En exteriores, el catering suele operar desde camiones o carpas especialmente acondicionadas. Los camiones cocina están equipados con hornos, planchas, frigoríficos y sistemas de almacenamiento que cumplen normas sanitarias estrictas. Si el acceso es complicado, a veces se cocina en una base cercana y se transporta la comida caliente o refrigerada en contenedores térmicos hasta el set. Mantener la cadena de frío y las temperaturas adecuadas es fundamental, porque un problema alimentario puede dejar fuera de juego a medio equipo y paralizar el rodaje.

La jornada suele dividirse en varios servicios, tal y como nos dicen los cocineros de La Frolita, quienes nos apuntan que, por un lado, está el desayuno, que en rodajes con llamadas muy tempranas puede servirse antes del amanecer. No es raro que el catering empiece a trabajar de madrugada para que, cuando lleguen técnicos, actores y equipo de producción, haya café caliente y comida lista. Después está la comida principal, que normalmente se programa a mitad de la jornada. En cine existe incluso el concepto de “la sexta hora”: si el equipo no ha podido parar a comer antes de seis horas desde el inicio, la producción puede enfrentarse a penalizaciones laborales, así que coordinar este momento es vital.

Entre medias, el llamado ‘craft service’ o mesa de tentempiés permanece activa durante todo el día. Es un espacio con fruta, snacks, bebidas, café y opciones rápidas que ayudan a mantener la energía entre toma y toma. En exteriores, esta mesa debe protegerse del sol, el viento o el polvo, y reponerse constantemente. Parece un detalle menor, pero influye mucho en el bienestar del equipo, sobre todo en condiciones duras de frío o calor.

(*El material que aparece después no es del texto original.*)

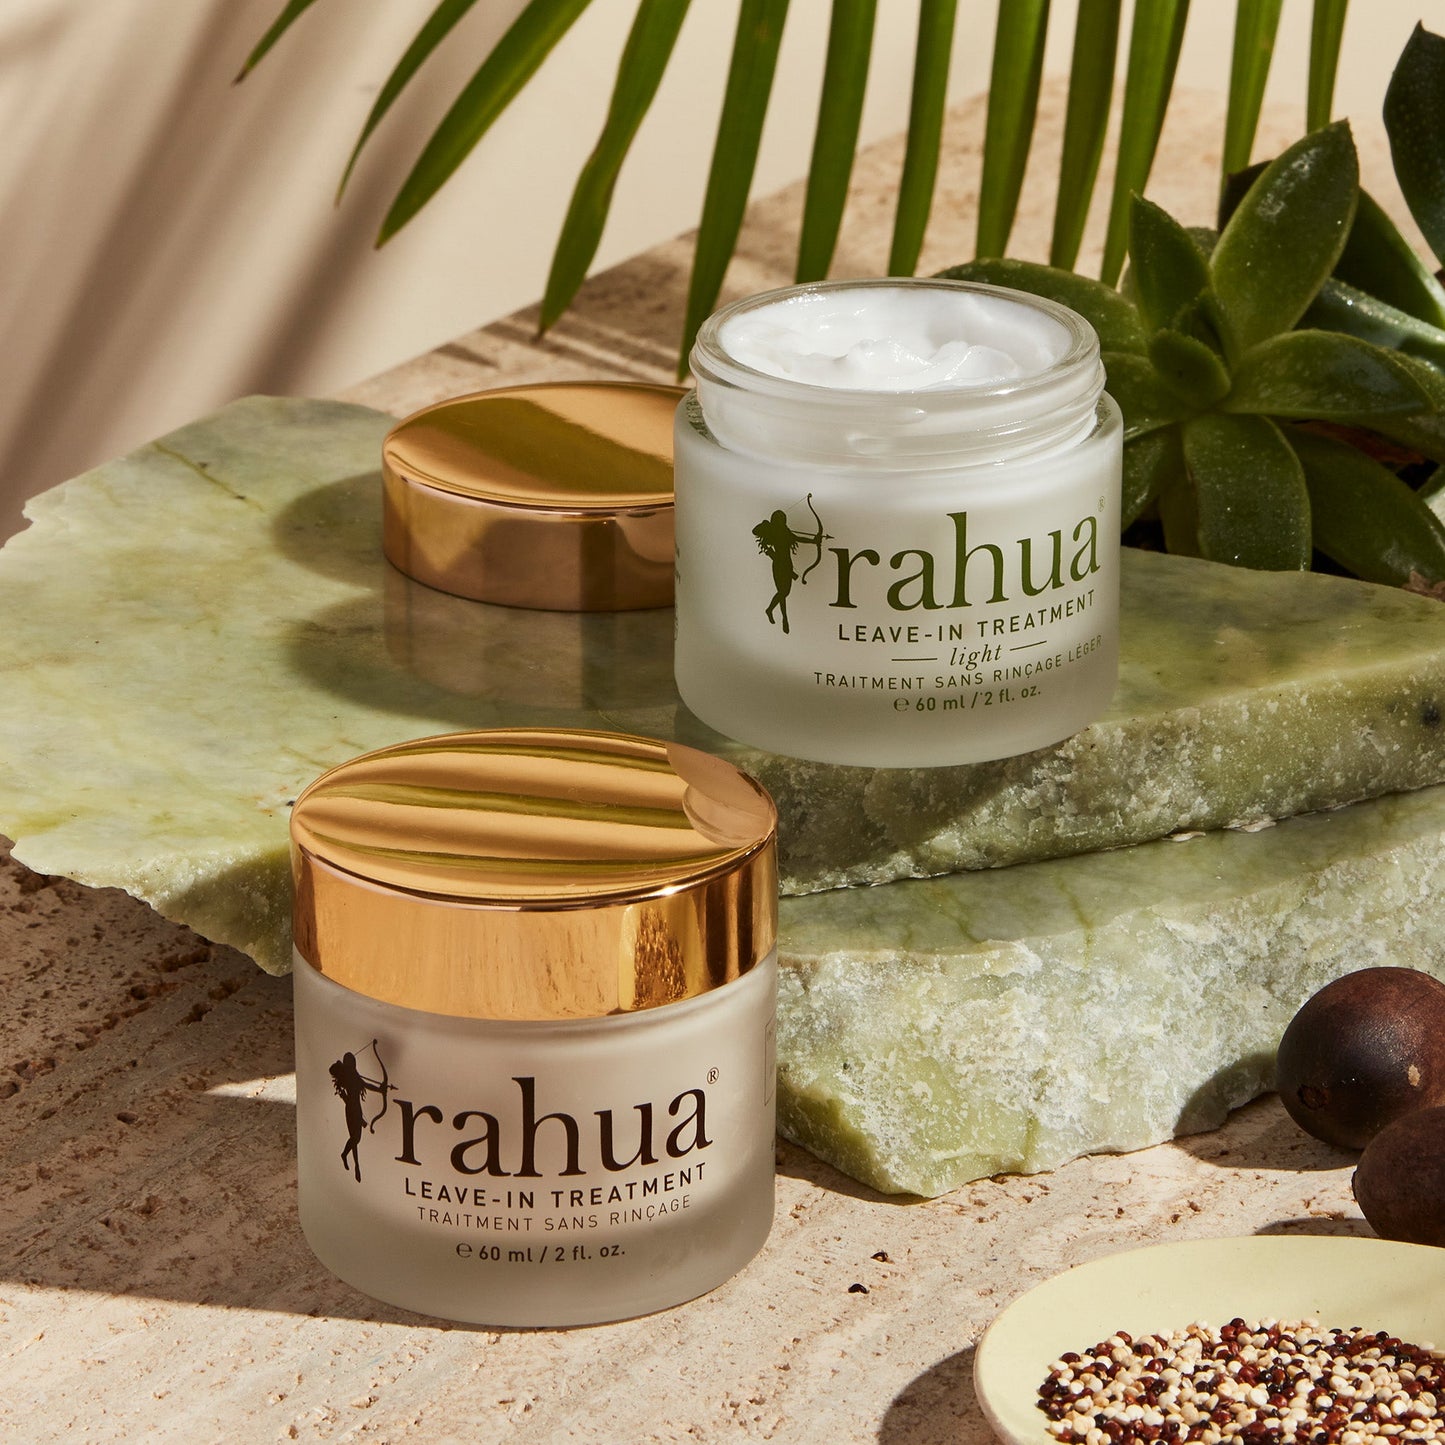 rahua leave in treatment and opened rahua leave in treatment light kept on a marble floor with rahua seeds and green leaves and plant

Otro aspecto clave es la adaptación al entorno, puesto que, si se rueda en plena naturaleza, hay que ser extremadamente cuidadoso con la gestión de residuos. El catering trabaja con sistemas de recogida selectiva, reduce al máximo el uso de plásticos de un solo uso y se coordina con el equipo de localizaciones para dejar el lugar tal y como se encontró. También se instalan zonas de comedor con sombra o calefacción portátil, según el clima, porque comer sentado y en condiciones dignas ayuda a que el equipo descanse de verdad.

¿Qué alimentos suelen incluir este tipo de caterings?

El catering de un rodaje en exteriores está pensado para algo muy concreto: dar energía constante sin dejar a la gente pesada ni medio dormida. Se busca comida sabrosa, fácil de servir a mucha gente y que aguante bien el paso de las horas. En este sentido, en las comidas principales suele haber platos bastante equilibrados y, normalmente, se encuentran proteínas variadas como pollo a la plancha, guisos de ternera, pescado al horno o hamburguesas. La idea es que haya opciones contundentes, pero no excesivamente grasas, porque después de comer el equipo tiene que volver a cargar cámaras, focos o repetir escenas mil veces.

Como acompañamiento, casi siempre hay hidratos de carbono que den energía duradera: arroz, pasta, patatas asadas o cocidas, couscous, quinoa…, ya que no solo llenan, sino que también son fáciles de preparar en grandes cantidades y se mantienen bien en caliente. Además, las verduras son básicas, por lo que suele haber verduras asadas, salteadas o al vapor, además de ensaladas completas. Estas no son solo decorativas, ya que mucha gente del equipo prefiere comidas más ligeras para no trabajar con sensación de pesadez, sobre todo en rodajes con calor.

También es muy común que haya una zona de comida tipo buffet donde cada uno se monta su plato según hambre, gustos o necesidades dietéticas. Aquí entran opciones vegetarianas, veganas y sin gluten, que ya no son algo raro sino parte estándar del servicio. Platos como curry de verduras, legumbres guisadas, tofu marinado o hamburguesas vegetales aparecen cada vez más.